Do you ever wonder if you are really young at heart? I mean I'm young but I'm not as young as I used to be five years ago or five minutes ago. But as a dear friend said to me, "I will never be as young as I am at this moment."
I don't know exactly why we want to be so young. I mean do you remember yourself like ten or fifteen years ago? Do you remember some of the stupid things you did? I mean I'm not saying the younger you are the stupider you are, but I am kinda saying that aren't I?
When I'm fifty I will think it was kinda dumb to worry about the things that I worry about now. But when I'm fifty I will wish sometimes that I was thirty-eight. When you really look at it closely I have somehow kept myself alive for thirty-eight years. That in itself is sort of magical.
I mean if we are all animals, which in a a great sense we are, we have somehow managed to feed and shelter and clothe ourselves for X amount of years. That in itself is amazing. On top of it we have managed to get educations and jobs and marriages and kids etc.
They say youth is wasted on the young, but is it really? When I was like thirteen I went on a diet and I wanted some cookies. I decided I could not afford those cookies so I tried to throw them up. I couldn't make myself throw up for some reason, I believe at that moment I was saved from a bout of bulimia. I probably would have kept throwing up everyday if I could at that time in my life.
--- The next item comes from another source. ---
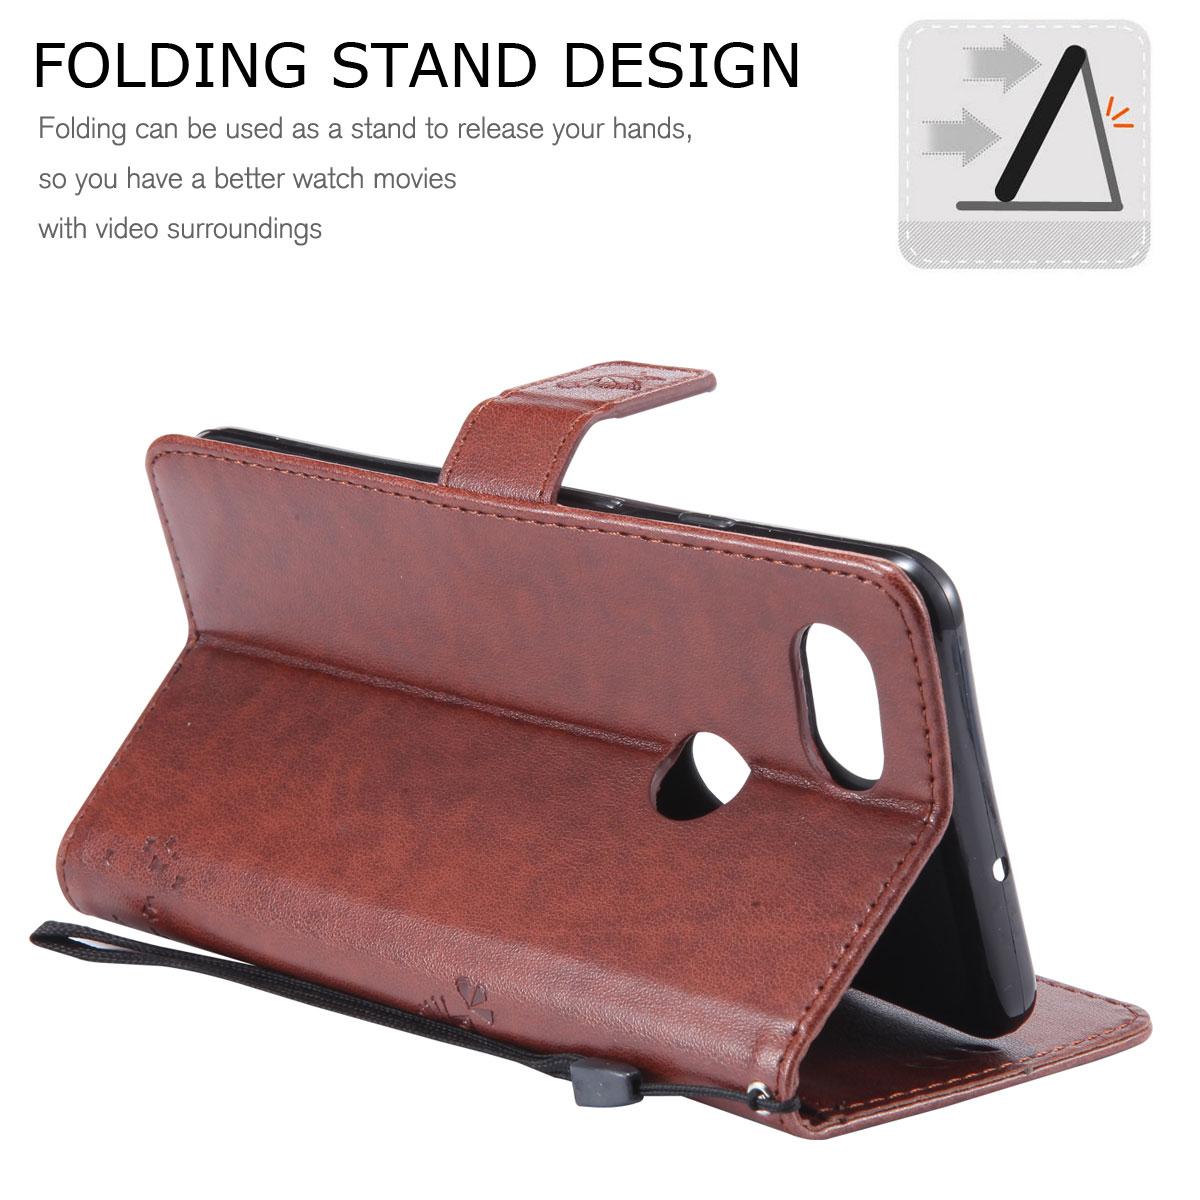 Magnetic-Leather-Credit-Card-Holder-Flip-Case-Cover-For-Google-Pixel-2-2-XL thumbnail 29

I was that stupid.
I was that young. I didn't even know there was a name for that.
But you don't have to be young to be stupid, there are a lot of people who are older who do things worse than throwing up their food. They drink themselves to death. When I was in college we used to drink a lot more than I drink now. If I met people now who drank as much as the people I met in college, I would think they were crazy. Back then I just thought they were having fun.
To a great amount of young people smoking pot and drinking is the only way to have fun. Sometimes it takes getting older to realize there is more to life than that. Unfortunately for some, they never get over it and they can't laugh without a substance. I think that's kinda sad. Is it 'cause I'm too old to understand?
Now that I'm in my late thirties, I laugh like I did when I was in preschool without the assistance of any substance. I literally sometimes laugh to the point of crying, just by joking around. I remember laughing that hard in preschool and getting in trouble for not taking school seriously. Is my laughing young, or is it old?
Maybe it is timeless. Maybe we are timeless. Maybe sometimes when we act like kids and play, we are wise enough to know that there is beauty in that.
When I was in my twenties I was thinner than I am now and got more attention from men. But I was waaay more insecure about my very self at that time. I always worried that people didn't really like me. Now that I'm older I worry that I won't like other people. If you don't like me, than don't like me. I don't care. I used to care what others thought of me, now I care what I think of others.
I don't necessarily think life is a school. I think it is an experience. I think in our heart of hearts there is a priceless wisdom that knows everything. If we tap into our intuition we will probably hit that wisdom. Kids seem to have it and they haven't been to college yet, but some of them know how to just be. To be happy.
We unlearn a lot as we get older. But most of all we experience a lot and sometimes that leads to unhappiness, and sometimes it leads to a wisdom that happiness can only be found by understanding our timeless nature.
We are not young or old, we just are. Who knows how many thousands of billions of trillions of years our souls have been alive. We are made, at least I think, of the substance of god, and he was never not alive.
I mean I know we think of god as an old guy, but imagine if we pull the curtain and he's a kid. Laughing his ass off. Playing a video game called Earth. He's playing us. This is his game, he plays Earth for fun. When you play a video game, you don't care if your avatars are young, old, or even if they die. You just play another round.
So if we are characters is god's video game, or movie, or book, let's realize that's it's just that, a game. Maybe we came here to enjoy ourselves. I doubt we came here to suffer.
I suffered internally a lot more when I was younger. I have bigger worries now it is true, but I don't suffer about the little stuff as much. Am I a kid at heart or am I an old soul?
Who knows, I just want to live. At the end of my days, when there is no doubt that I'm damn old, I want to say that I lived. That I was young and sometimes I was old. Either way, it had nothing to do with how many years my age was, it had to do with my state of mind. Sometimes I didn't have a care in the world, like a kid playing pretend. Sometimes I understood everything, like an old man playing chess.
Either way, I'm just playing here. My real self has no age.
I'm not going to get into the fact that there is no such thing as time, because I have issues comprehending that myself. But I believe it. If Now is the only moment and there is no time, than what the fuck are you worried about right now? Tell me, do you really have time for it?